## Requirement
With the pictures omitted, write out all of the listing exactly.

## Available data

>>

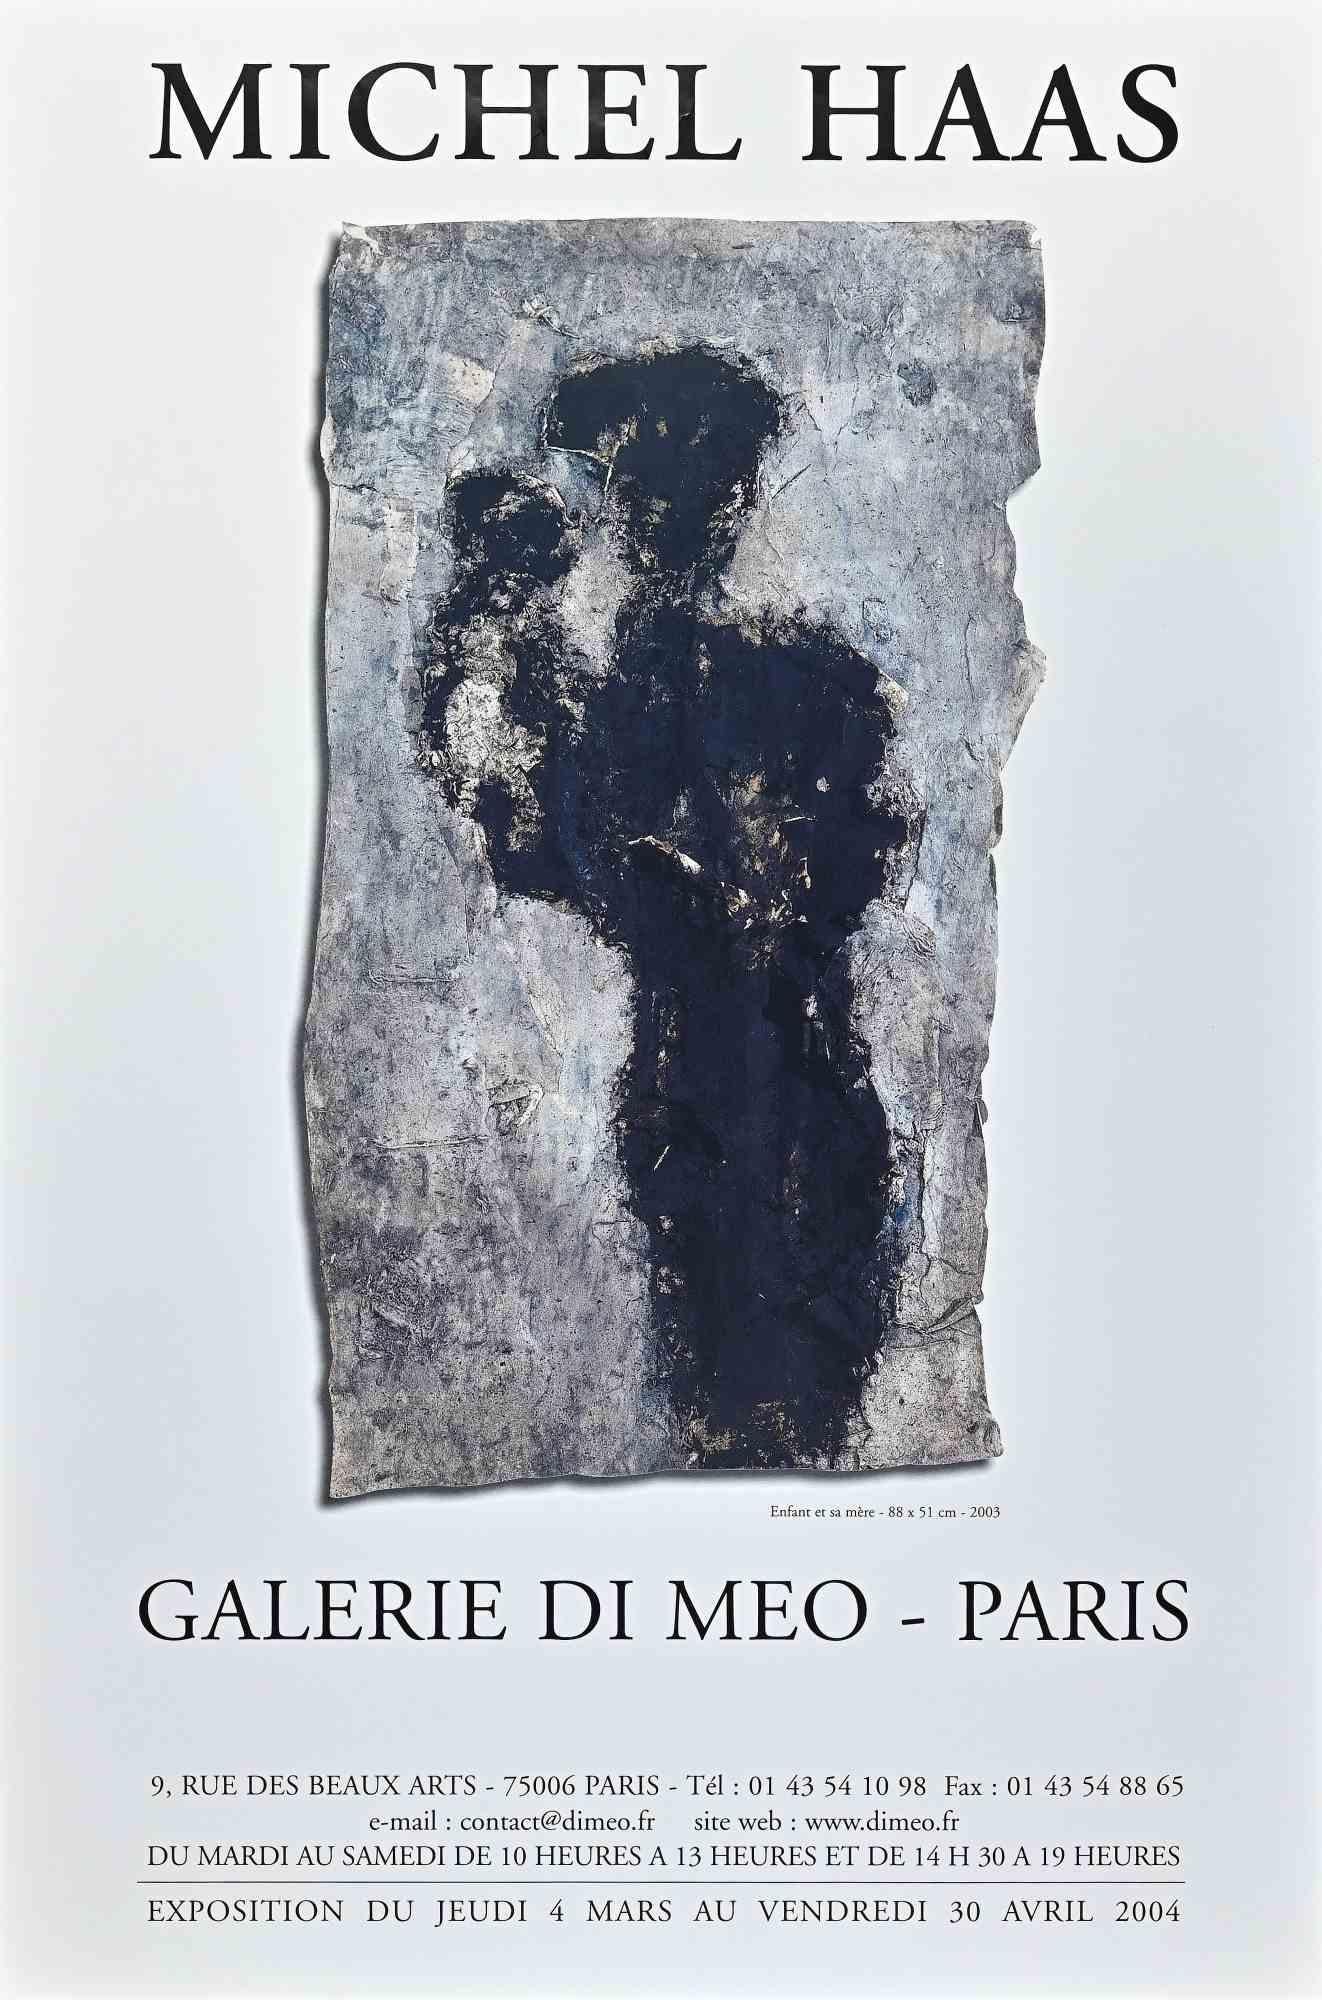 Michel Haas - Poster ist ein Vintage Offset für die Ausstellung von Michel Haas in der Galerie Di Meo Paris im Jahr 2006.

Das Kunstwerk ist in einer ausgewogenen Komposition dargestellt.

 
 
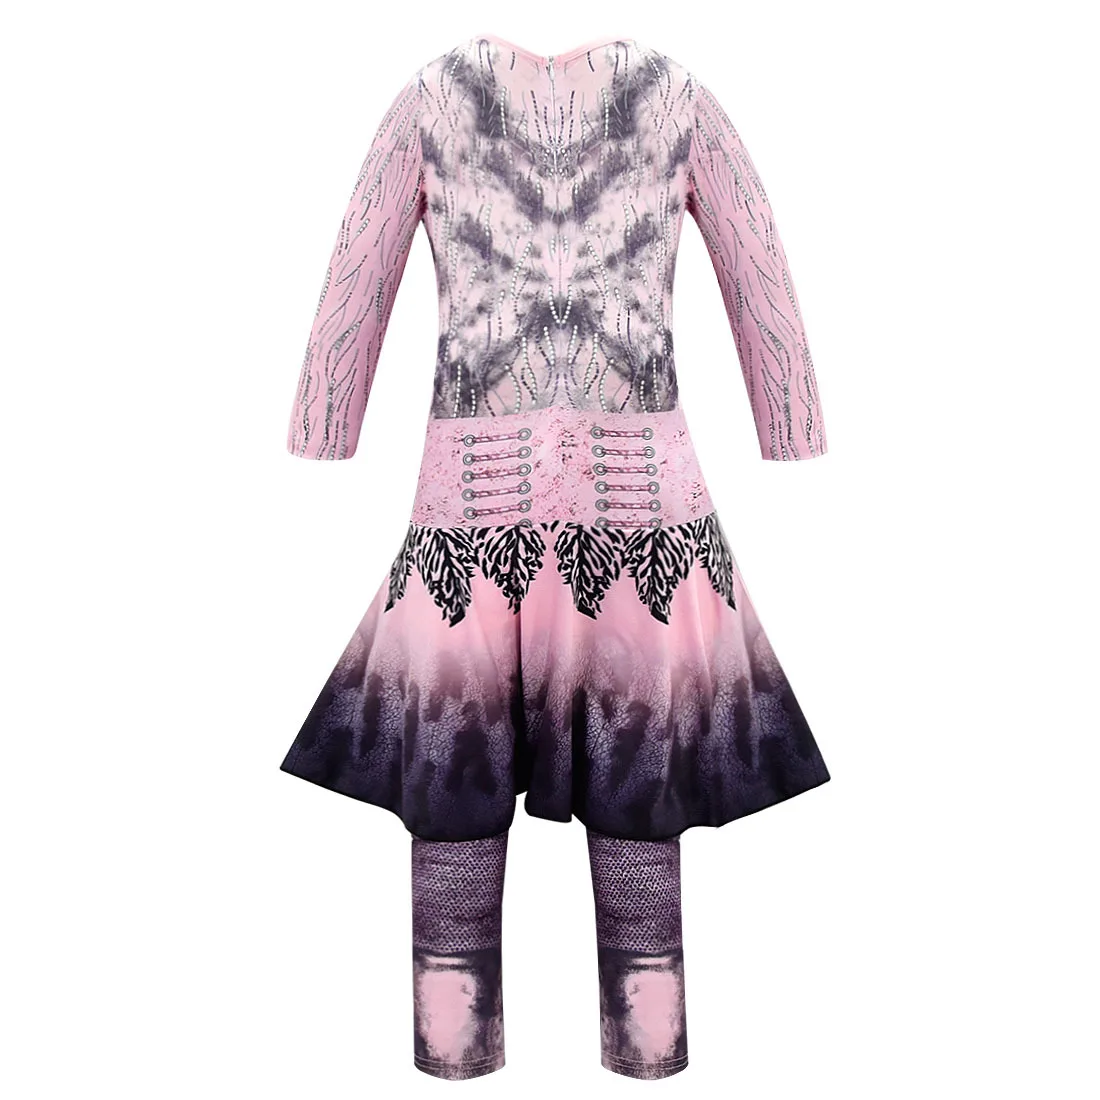 Розовый Одри танцевальные костюмы для девочек костюмы на Хэллоуин для детей модные вечерние женские костюм Иви изображением героев фильма «наследники» 3 Mal косплейный фантазийный костюм

<<

## Exercise output
 Michel Haas - Poster ist ein Vintage Offset für die Ausstellung von Michel Haas in der Galerie Di Meo Paris im Jahr 2006.

Das Kunstwerk ist in einer ausgewogenen Komposition dargestellt.

 
 
 Розовый Одри танцевальные костюмы для девочек костюмы на Хэллоуин для детей модные вечерние женские костюм Иви изображением героев фильма «наследники» 3 Mal косплейный фантазийный костюм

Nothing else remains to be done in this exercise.